§ WORK TASK
Taking the line with "شرح كتاب الصيام" as the first and the line with "Cahier Des Charges" as the last, set down the lines below exactly, pictures excluded.

*** SUPPLIED MATERIAL

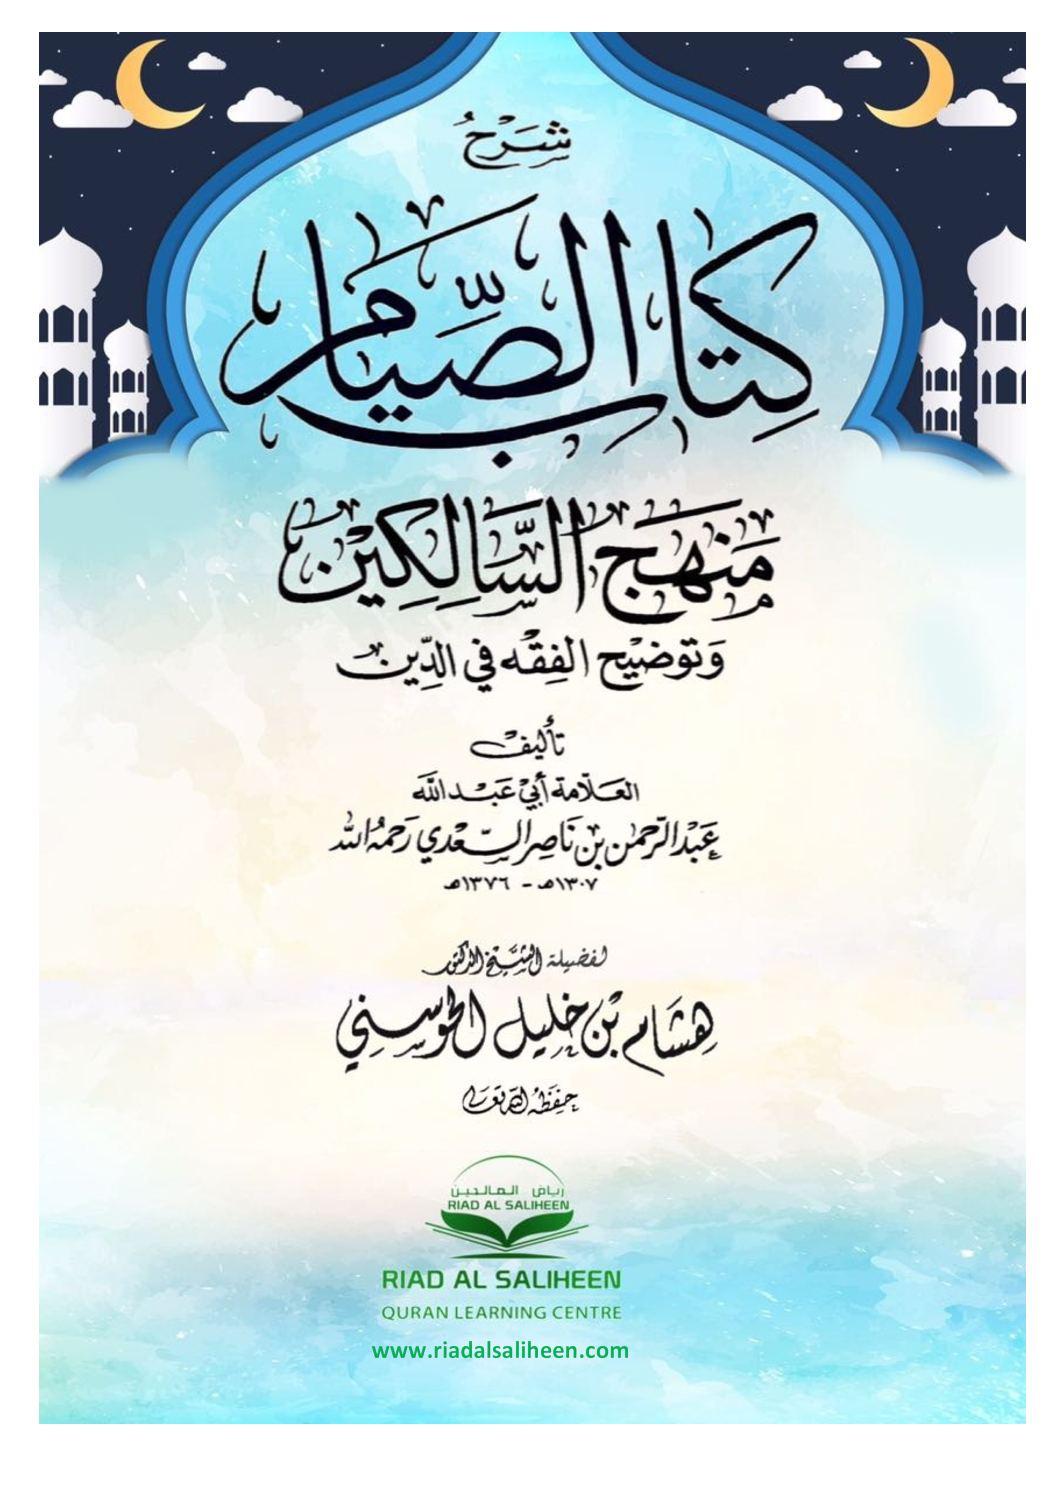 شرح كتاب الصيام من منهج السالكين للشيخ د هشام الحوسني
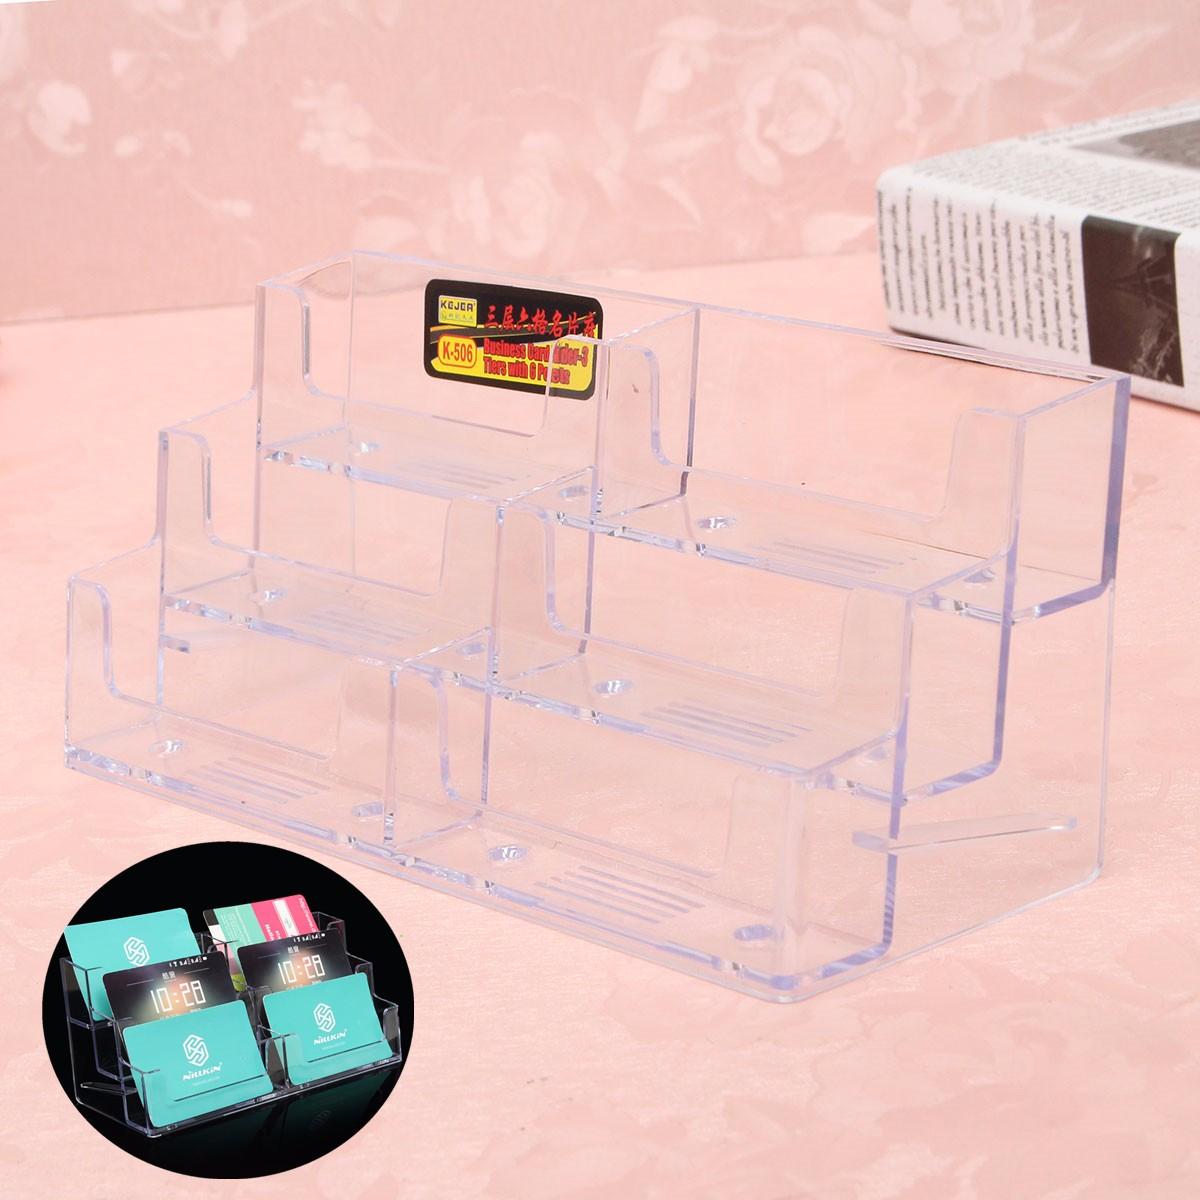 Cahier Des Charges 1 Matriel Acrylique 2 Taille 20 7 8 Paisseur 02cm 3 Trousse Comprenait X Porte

******
*** SUPPLIED MATERIAL

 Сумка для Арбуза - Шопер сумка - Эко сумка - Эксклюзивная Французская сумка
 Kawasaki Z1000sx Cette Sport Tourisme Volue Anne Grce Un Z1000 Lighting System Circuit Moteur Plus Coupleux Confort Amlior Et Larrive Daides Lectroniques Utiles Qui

******

§ SOLVED EXERCISE
 شرح كتاب الصيام من منهج السالكين للشيخ د هشام الحوسني
 Cahier Des Charges 1 Matriel Acrylique 2 Taille 20 7 8 Paisseur 02cm 3 Trousse Comprenait X Porte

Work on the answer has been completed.